The DOE has now approved the $26 million project. The new facility, which is expected to be completed by the end of 2019, will also operate as an Office of Science user facility—a federally sponsored facility for advanced accelerator research available on a competitive, peer-reviewed basis to scientists from around the world.

“As a strategically important national user facility, FACET-II will allow us to explore the feasibility and applications of plasma-driven accelerator technology,” says James Siegrist, associate director of the High Energy Physics program of DOE’s Office of Science, which stewards advanced accelerator R&D in the US for the development of applications in science and society. “We’re looking forward to seeing the groundbreaking science in this area that FACET-II promises, with the potential for significant reduction of the size and cost of future accelerators, including free-electron lasers and medical accelerators.”

Bruce Dunham, head of SLAC’s Accelerator Directorate, says, “Our lab was built on accelerator technology and continues to push innovations in the field. We’re excited to see FACET-II move forward.”

Surfing the plasma wake

The new facility will build on the successes of FACET, where scientists already demonstrated that the plasma technique can very efficiently boost the energy of electrons and their antimatter particles, positrons. In this method, researchers send a bunch of very energetic particles through a hot ionized gas, or plasma, creating a plasma wake for a trailing bunch to “surf” on and gain energy.

In conventional accelerators, particles draw energy from a radio-frequency field inside metal structures. However, these structures can only support a limited energy gain per distance before breaking down. Therefore, accelerators that generate very high energies become very long, and very expensive. The plasma wakefield approach promises to break new ground. Future plasma accelerators could, for example, unfold the same acceleration power as SLAC’s historic 2-mile-long copper accelerator in just a few meters.

Researchers will use FACET-II for crucial developments before plasma accelerators can become a reality. “We need to show that we’re able to preserve the quality of the beam as it passes through plasma,” says SLAC’s Mark Hogan, FACET-II project scientist. “High-quality beams are an absolute requirement for future applications in particle and X-ray laser physics.”

The FACET-II facility is currently funded to operate with electrons, but its design allows adding the capability to produce and accelerate positrons later—a step that would enable the development of plasma-based electron-positron particle colliders for particle physics experiments.

Another important objective is the development of novel electron sources that could lead to next-generation light sources, such as brighter-than-ever X-ray lasers. These powerful discovery machines provide scientists with unprecedented views of the ever-changing atomic world and open up new avenues for research in chemistry, biology and materials science.

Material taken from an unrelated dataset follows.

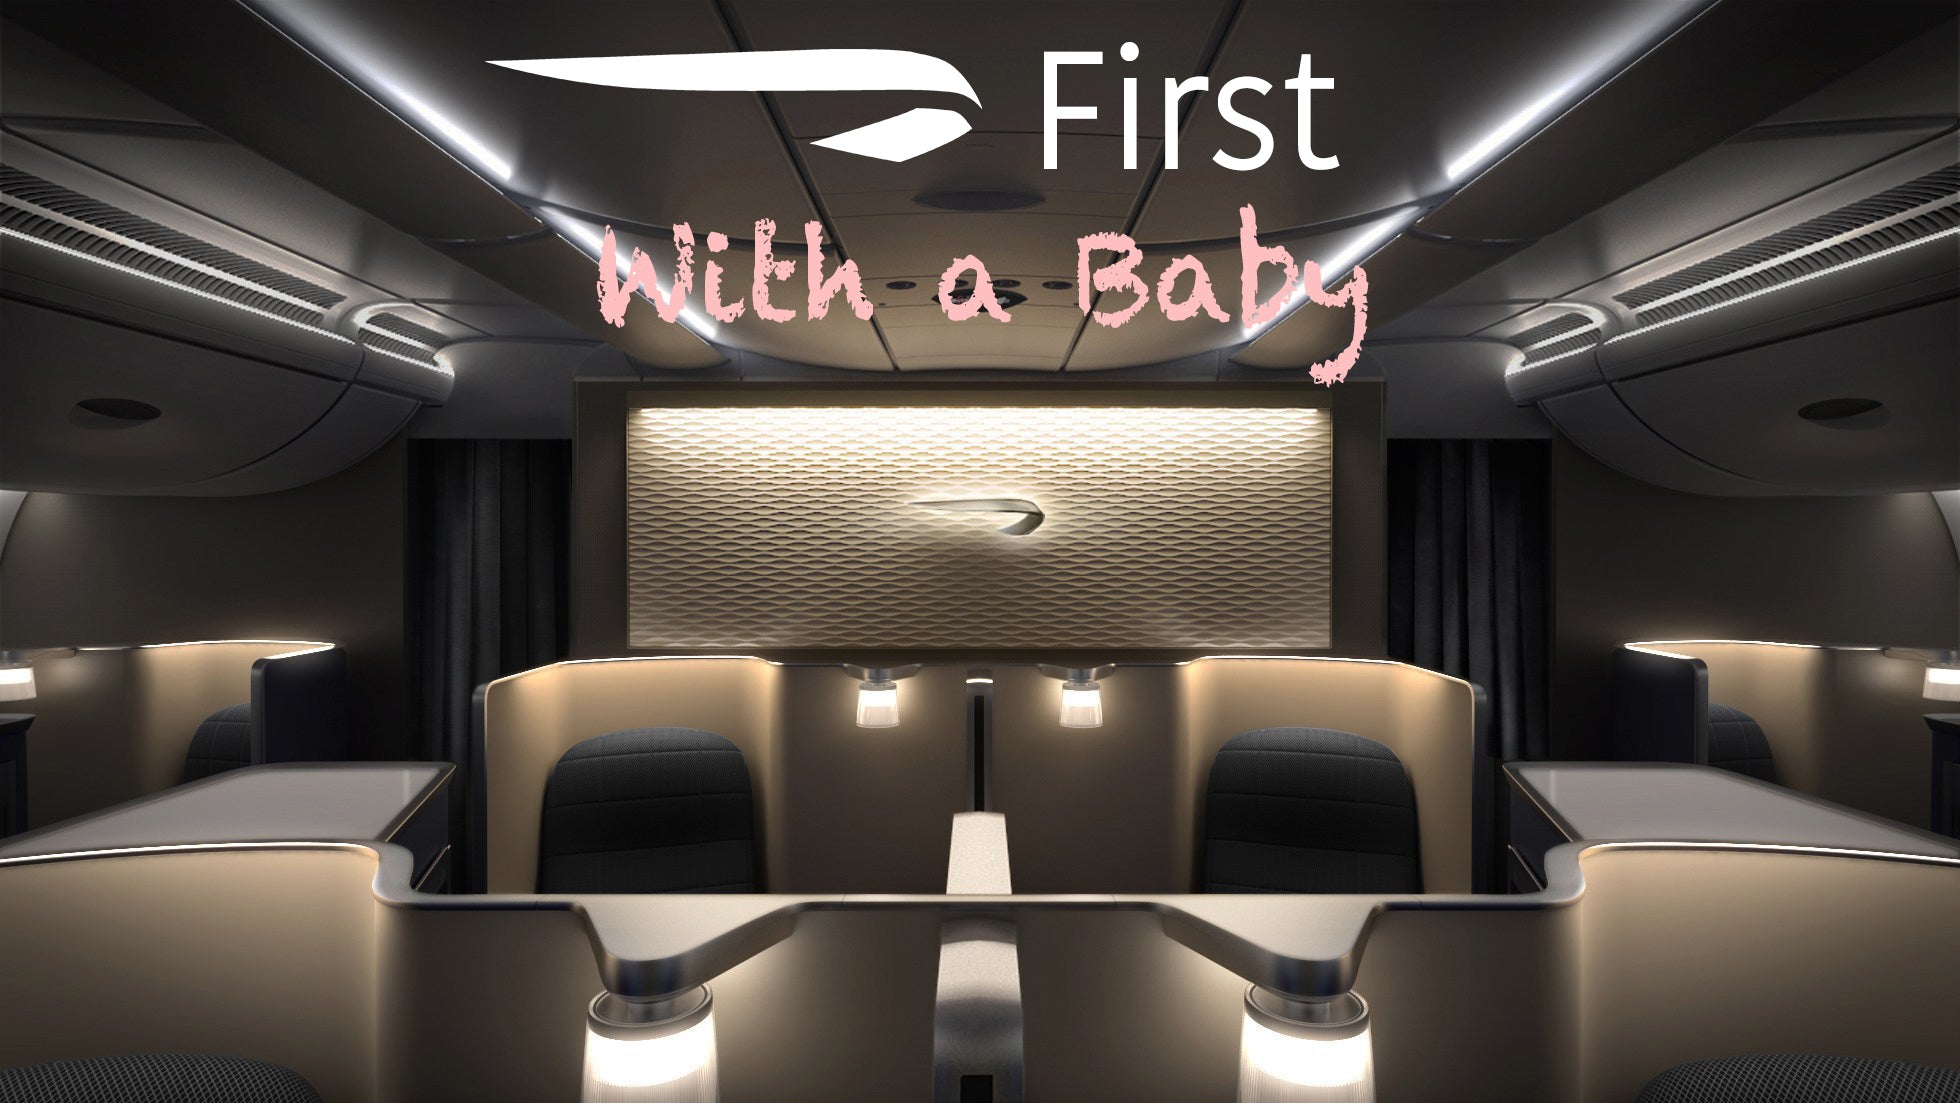 singapore airlines business class bassinet

Other science goals for FACET-II include compact wakefield accelerators that use certain electrical insulators instead of plasma, as well as diagnostics and computational tools that will accurately measure and simulate the physics of the new facility’s powerful electron beams. Science goals are being developed with regular input from the FACET user community.

“The approval for FACET-II is an exciting milestone for the science community,” says Chandrashekhar Joshi, a researcher from the University of California, Los Angeles, and longtime collaborator of SLAC’s plasma acceleration team. “The facility will push the boundaries of accelerator science, discover new and unexpected physics and substantially contribute to the nation’s coordinated effort in advanced accelerator R&D.”